Turkey’s budget revenues rose 26 percent to hit 122.17 billion liras ($20.6 billion) year-on-year in January, the official data showed, Anadolu Agency reported.

The country’s budget expenditure was 100.67 billion liras ($17 billion) in the month, up 9.6 percent from the same month of last year.

The U.S. dollar/Turkish lira exchange rate averaged 5.93 in January.

Excluding interest payments, the budget balance also saw a surplus of 34.25 billion liras in January, while interest expenditures totaled some 12.74 billion liras.

The central budget’s overall revenues rose 26 percent on an annual basis to 122 billion liras in the first month of the year.

The government targets collect a total of 957 billion liras in revenues this year.

Tax revenues reached 67.4 billion liras in January, posting a 21 percent rise compared with the same month of 2019.

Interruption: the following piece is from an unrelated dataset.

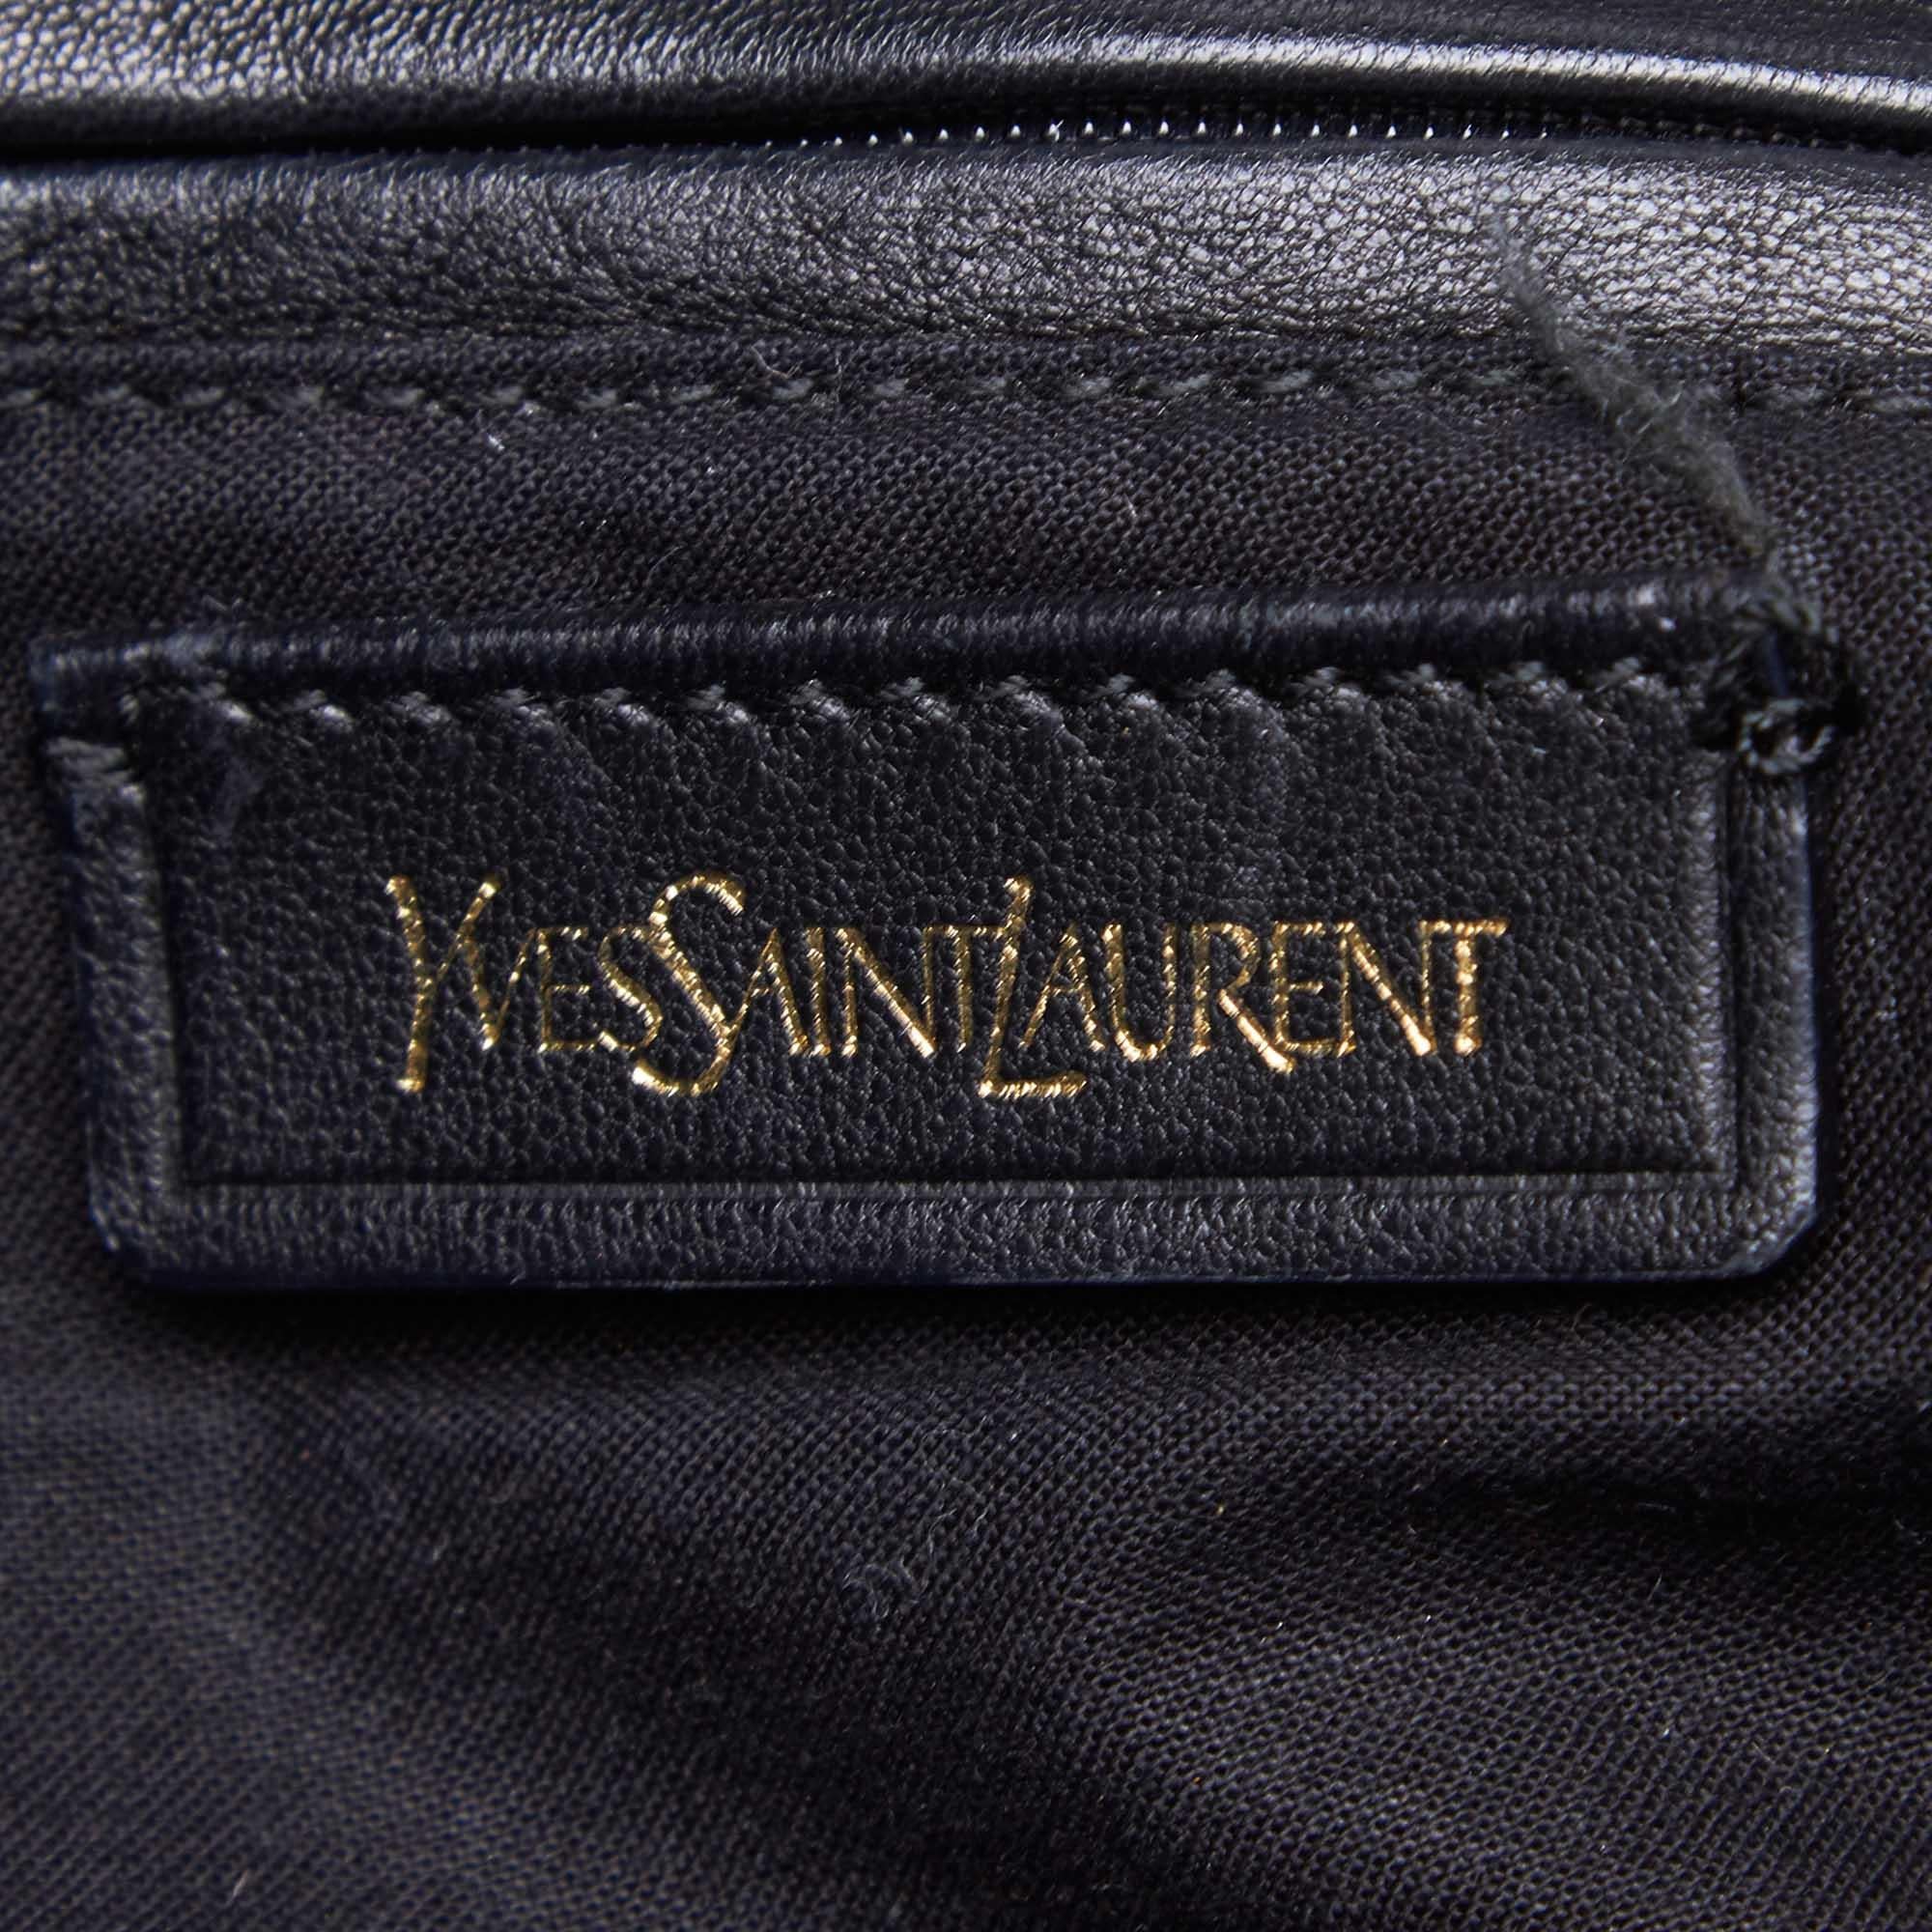 Vintage Authentic YSL Black Patent Leather Belle de Jour Tote Bag France LARGE  For Sale 2

Value-added tax on imports and revenues from the special consumption tax increased by 29.6 percent and 22.2 percent to 10.55 billion liras and 12.93 billion liras, respectively, according to the ministry data.

Non-tax revenues also showed some 34 percent increase on an annual basis to 53.38 billion.

In 2019, Turkey’s central government budget balance posted a deficit of 123.7 billion liras, with 876 billion liras of revenue and 999.5 billion liras of expenses.

The country’s economic program, announced last September, aims to keep the budget deficit to gross domestic product (GDP) ratio at 2.9 percent in 2019, 2020, and 2021.

The government projects that the budget deficit will be 138.9 billion this year. The central government budget deficit is projected to amount to 157.6 billion liras next year.

According to the estimates in the economic program, the country’s budget deficit will ease to 2.6 percent of gross domestic product (or 160.1 billion liras) in 2022.

The Turkish Statistics Institute (TÜİK) will release GDP figures for 2019 in March.

The Treasury and Finance Ministry yesterday said in a statement, accompanying the budget figures for January, that during the program period fiscal discipline will be maintained with determination.